I have a 2011 Nissan rogue s that we just paid off. It has 67,000 miles on it (7k miles past the warranty). I have changed the oil every 3k miles and done all the manufacturer suggested maintenance with my local Nissan dealer. Three weeks ago I started the engine and the oil pump exploded and sent metal through my engine totaling the engine. The repair has been estimated at 9k more than the value of the vehicle. Is there anything Nissan can do for me? Can anyone help me with what my options are in this situation?


----------



## quadraria10 (Jul 6, 2010)

Well you could write Nissan USA, or try another dealer for help. You could also get a used engine from another Rogue and have it installed for something like 3K total.
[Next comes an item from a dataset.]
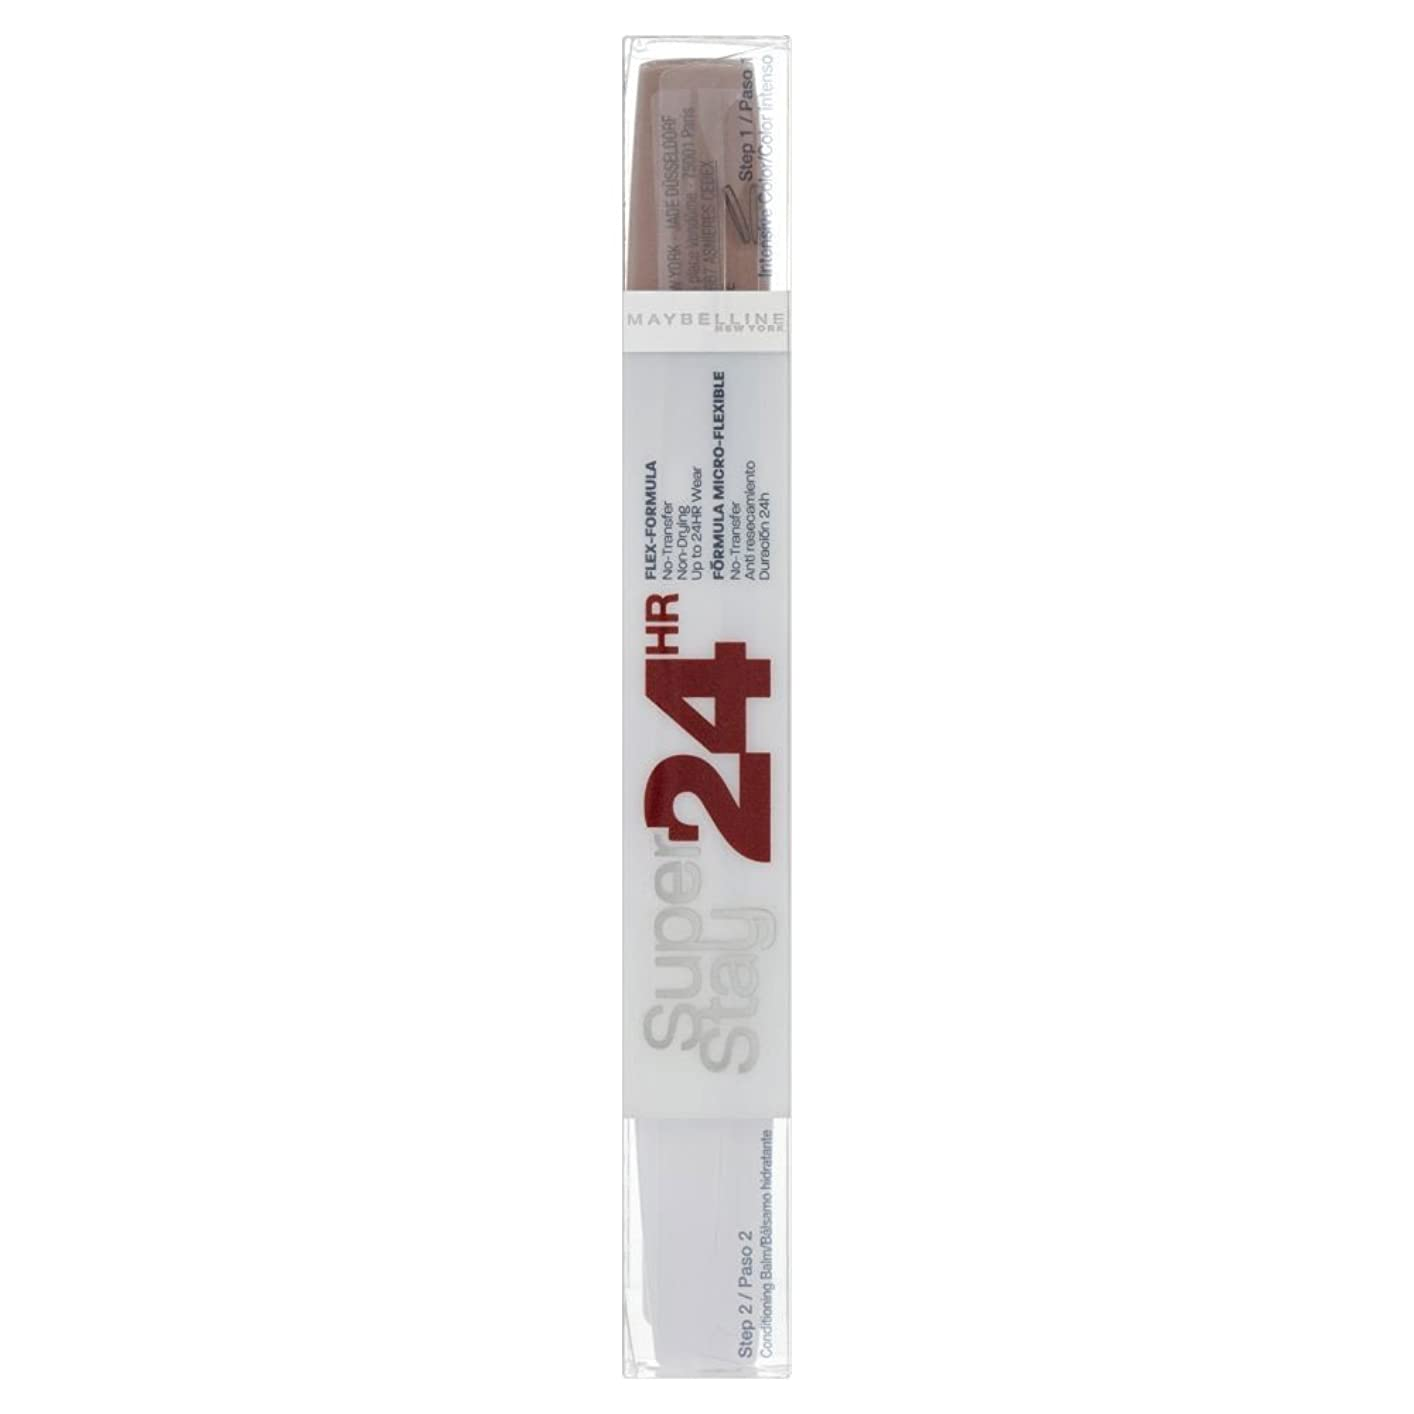 ブッシュ気付く契約するMaybelline Superstay 24 Hour Lipcolour - 615 Soft Taupe メイベリンsuperstay 24時間lipcolour - 615ソフトトープ [並行輸入品]
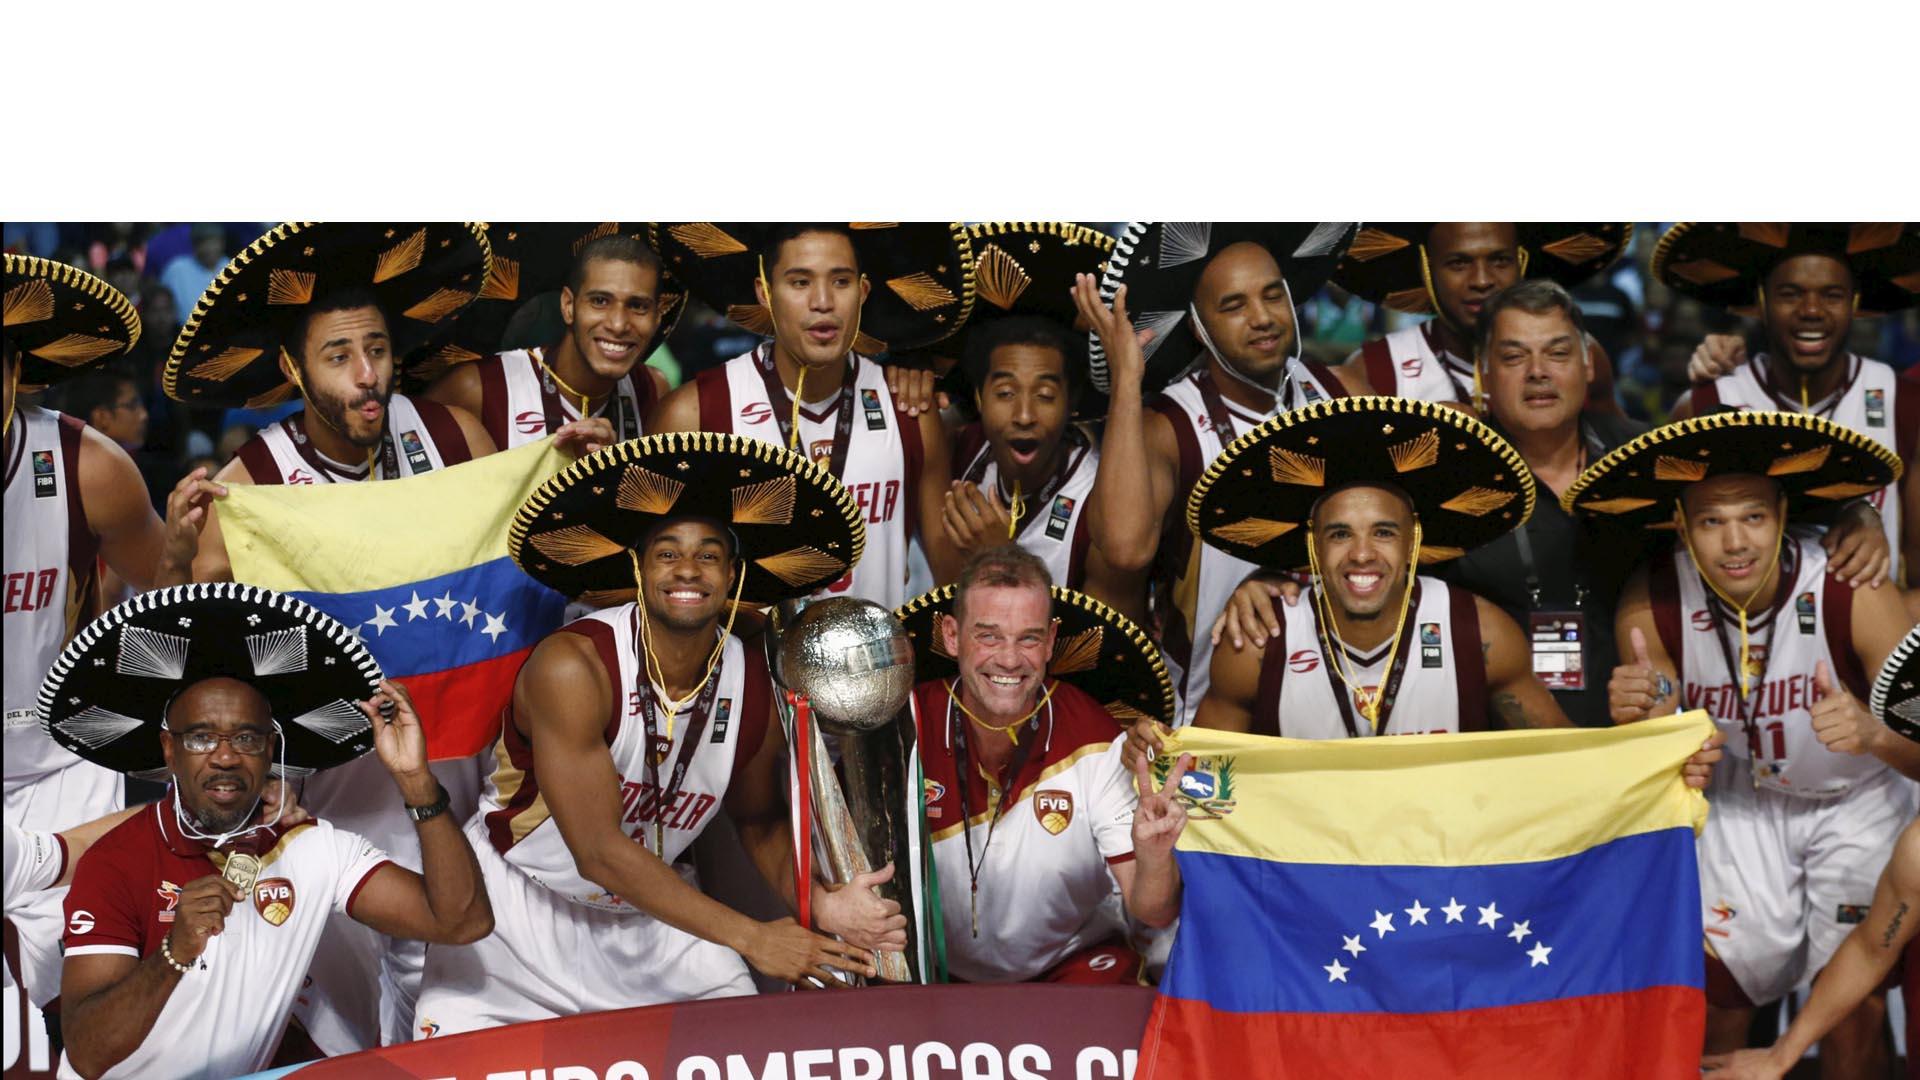 Emulando a los Héroes de Portland, la selección venezolana de baloncesto derrotó a Canadá y se clasificó a las olimpiadas

From what you describe someone has given you a 15,000 repair estimate. My condolences but you really need to get a second, and maybe even a third, opinion.


----------



## datechboss101 (Mar 24, 2017)

I would ask multiple reputable shops for a quote, as you will understand my reasoning why in the latter part of this post. If you are looking for a rebuilt engine or a used working engine, I'd recommend to look for a JDM engine or possibly looking at the 2nd Gen Rogue engine, since the powerplant is basically the same for both generations. Coming from Honda, this is unheard of for a car that has 67k miles on it, unless this is common for newer Nissans. Another possible suggestion would be getting a new car and sell this one as a parts car to the junkyard or something, as this would empty your wallet and your bank balance (depending on your financial standpoint). Also, do not go to the stealership for these things. The Nissan dealer asked for $700 for a 30k miles maintenance, which all mine needed an oil and filter change, since the battery cost me $1 from the dollar tree and the CVT didn't need to be changed. Also, my Honda dealer gave me 2 irrelevant quotes, first one is $790 but then they changed it up and gave a final quote for $1130. 

Also, there wouldn't be a highly possible chance for Nissan to do something about it, but if they do, it's a slim chance and you gotta be super lucky for that too.


----------